The 2,378 QA-reject failures were R1 (UI artifact) / R2 (text bleed) / R3 (body crop) / R4 (bundle style drift) / R5 (AI artifact — 6 fingers, broken eyes). R4 dominated — same character looked like different people across 4 cuts.
Failure — the middle of drift
Mid-Phase 4, a 9×4 = 36 card bundle had R4 explode. default and variant_a of the same character came out as siblings, not the same person. The second child didn't reference the first child's base image; it interpreted the text prompt on its own.
2 a.m., drift detected. All 4 cards of that bundle were R4 rejects.
verdict: variant_a, variant_b, promo are inconsistent with default.
recommend: force base-image reference, retry.

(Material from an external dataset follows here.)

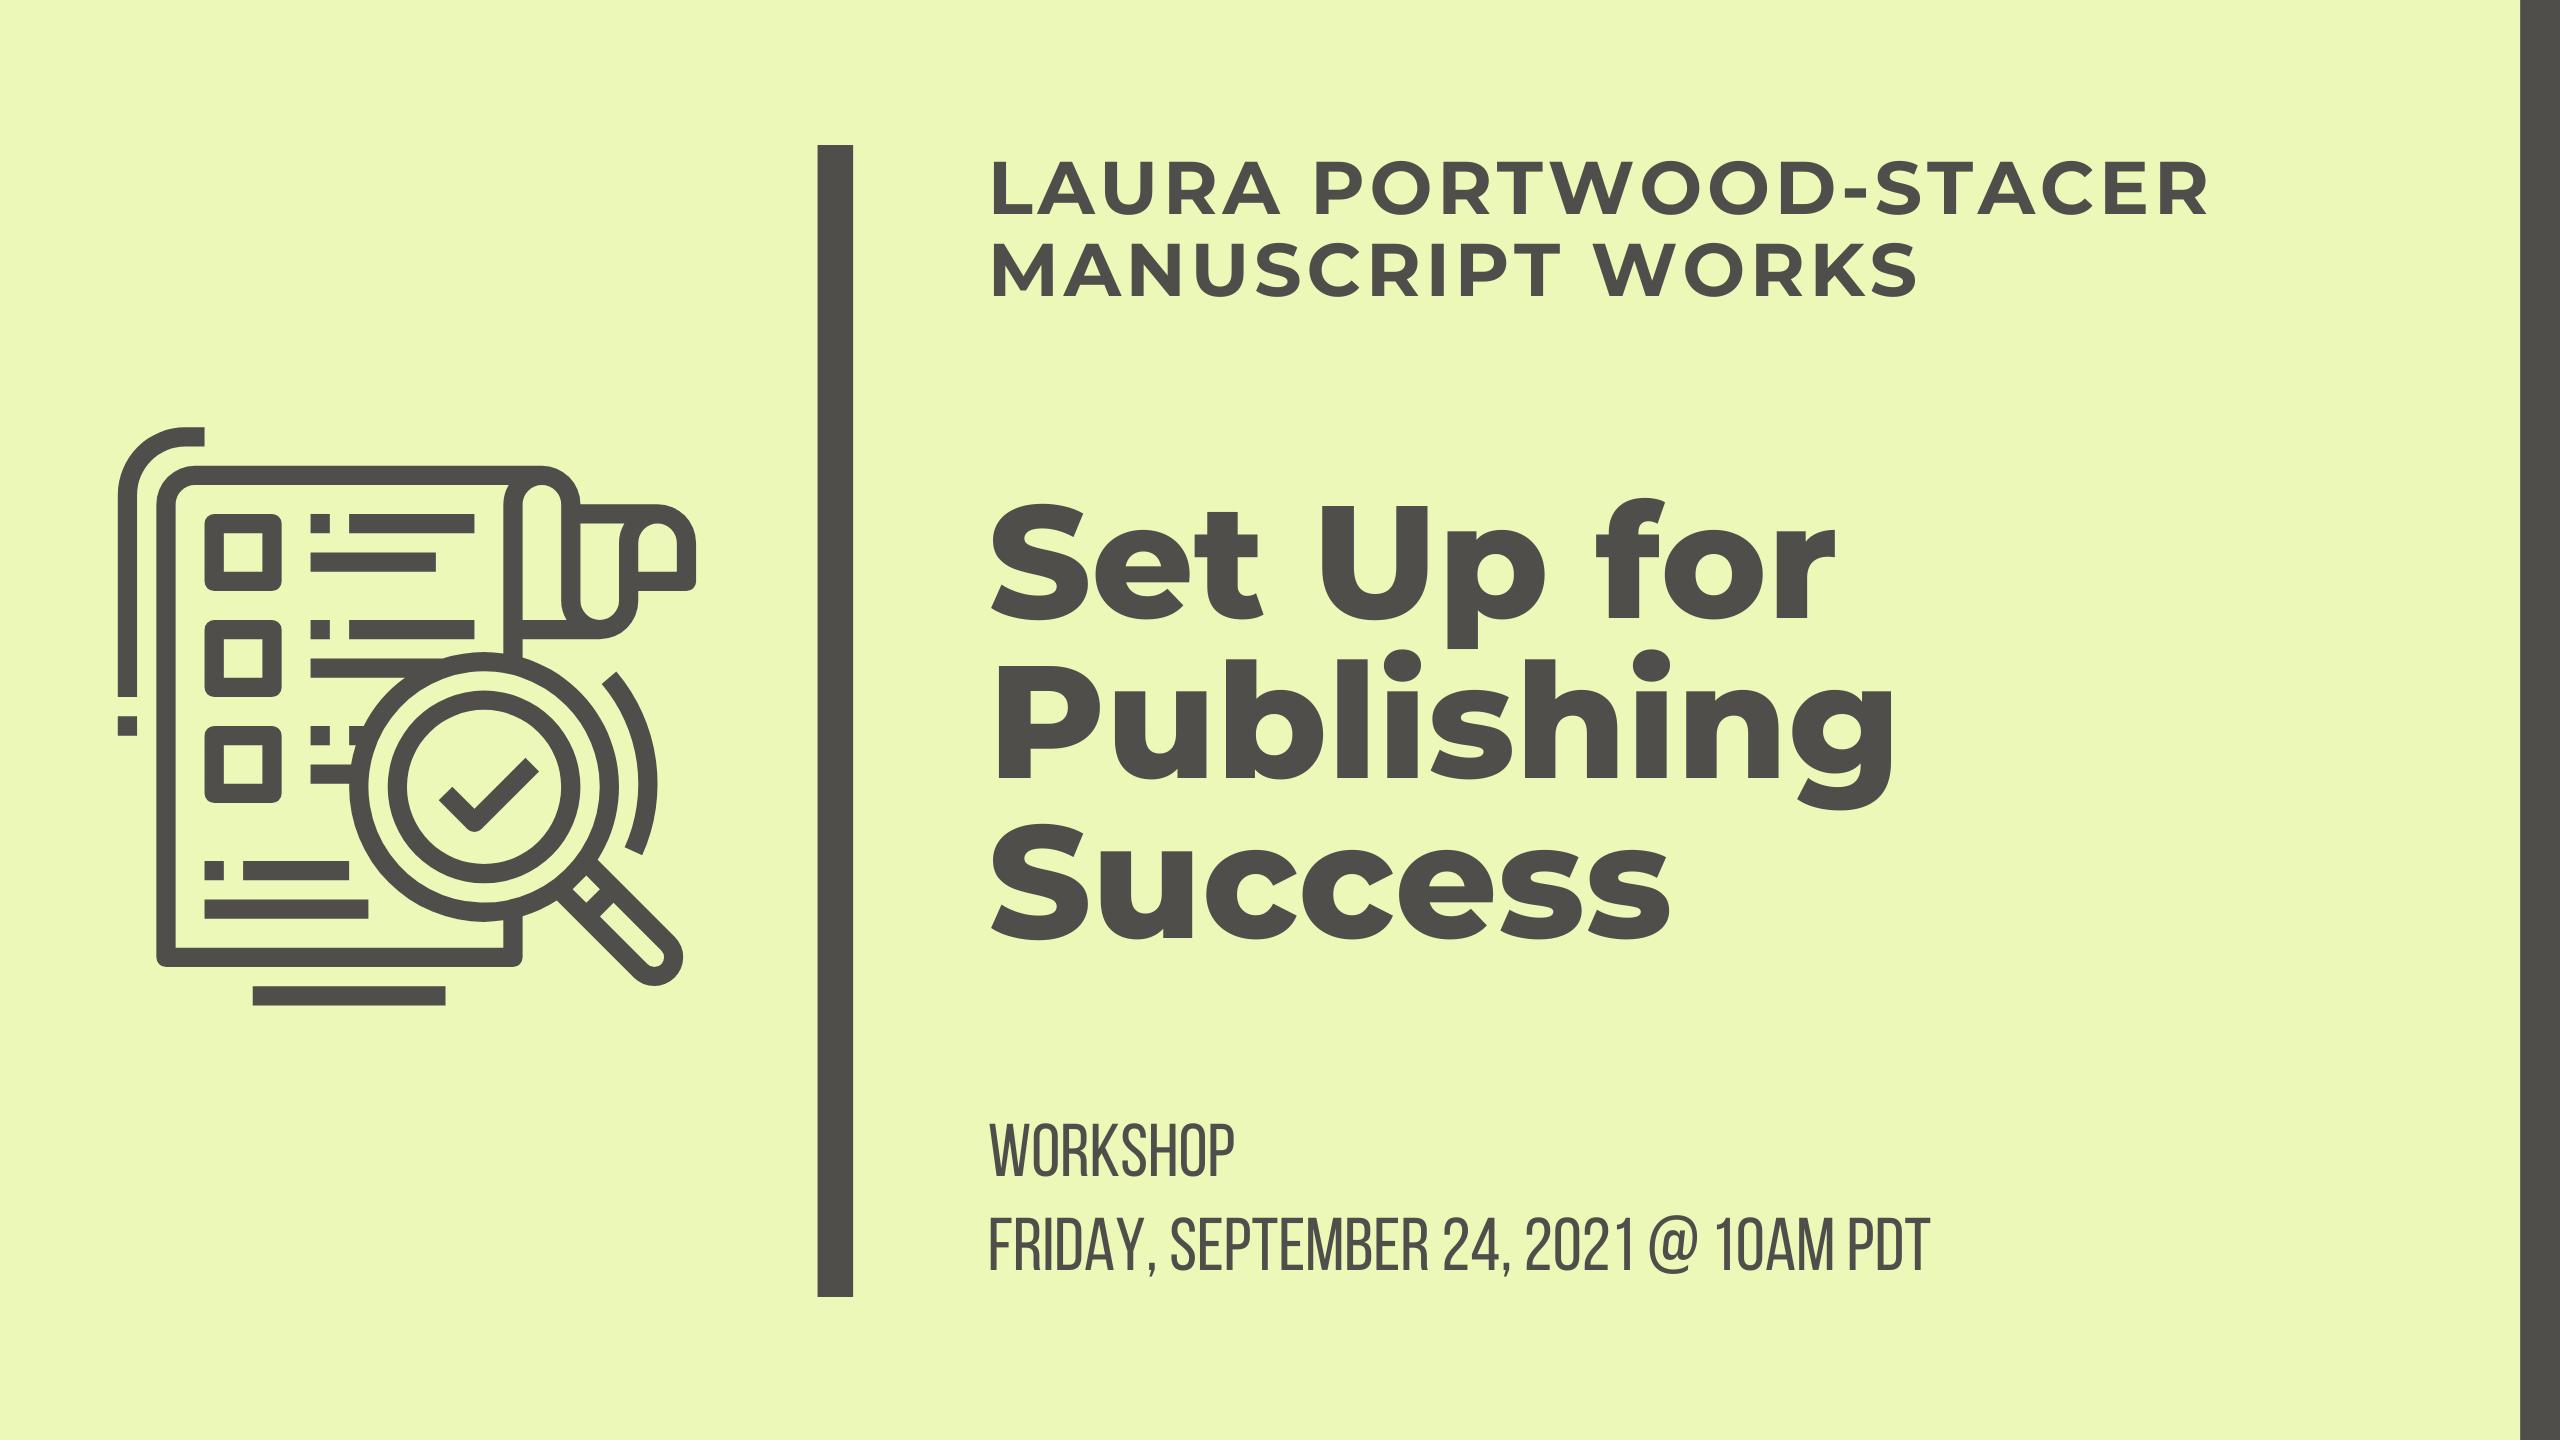 Laura Portwood-Stacer, Manuscript Works, Set Up for Publishing Success, Workshop, Friday, September 24, 2021 at 10am PDT

That one-line verdict meant scrapping a whole 4-card bundle — already carrying ~250 failure events. But those 250 events became the condition for try #2. The command got one new line:
constraint: must reference the base image within a bundle.
missing-ref detect: include base-image hash in the prompt before any variant.
Next try, all 4 cards passed in one go. Drift gone.
This is what evidence card E002 calls out — "failures are not discarded logs but data that gets reused as the next condition." 250 failures produced one new constraint line, and that one line dropped R4 rejects in Phase 4-late + Phase 5 (about 70 cards) to near zero.
Next
The next batch will be easier because of the 11,147 failures sitting on disk. The 22 cards (~12%) needing human cleanup will not be easier — that share holds steady. Automation ends where the eye starts.
Editor's note: 7-bucket failure counts (error 3,115 / timeout 2,549 / failure 2,378 / nonzero_exit 1,949 / permission 874 / exception 227 / fatal 55) are direct counts. 178 cards / 36 artifacts / phase split / 85-streak / R1~R5 / base-hash drift all from work log §B. The 22-card hand-fix figure is generalized. Written by an AI editor from measured logs. [GAME_BETA] is a codename.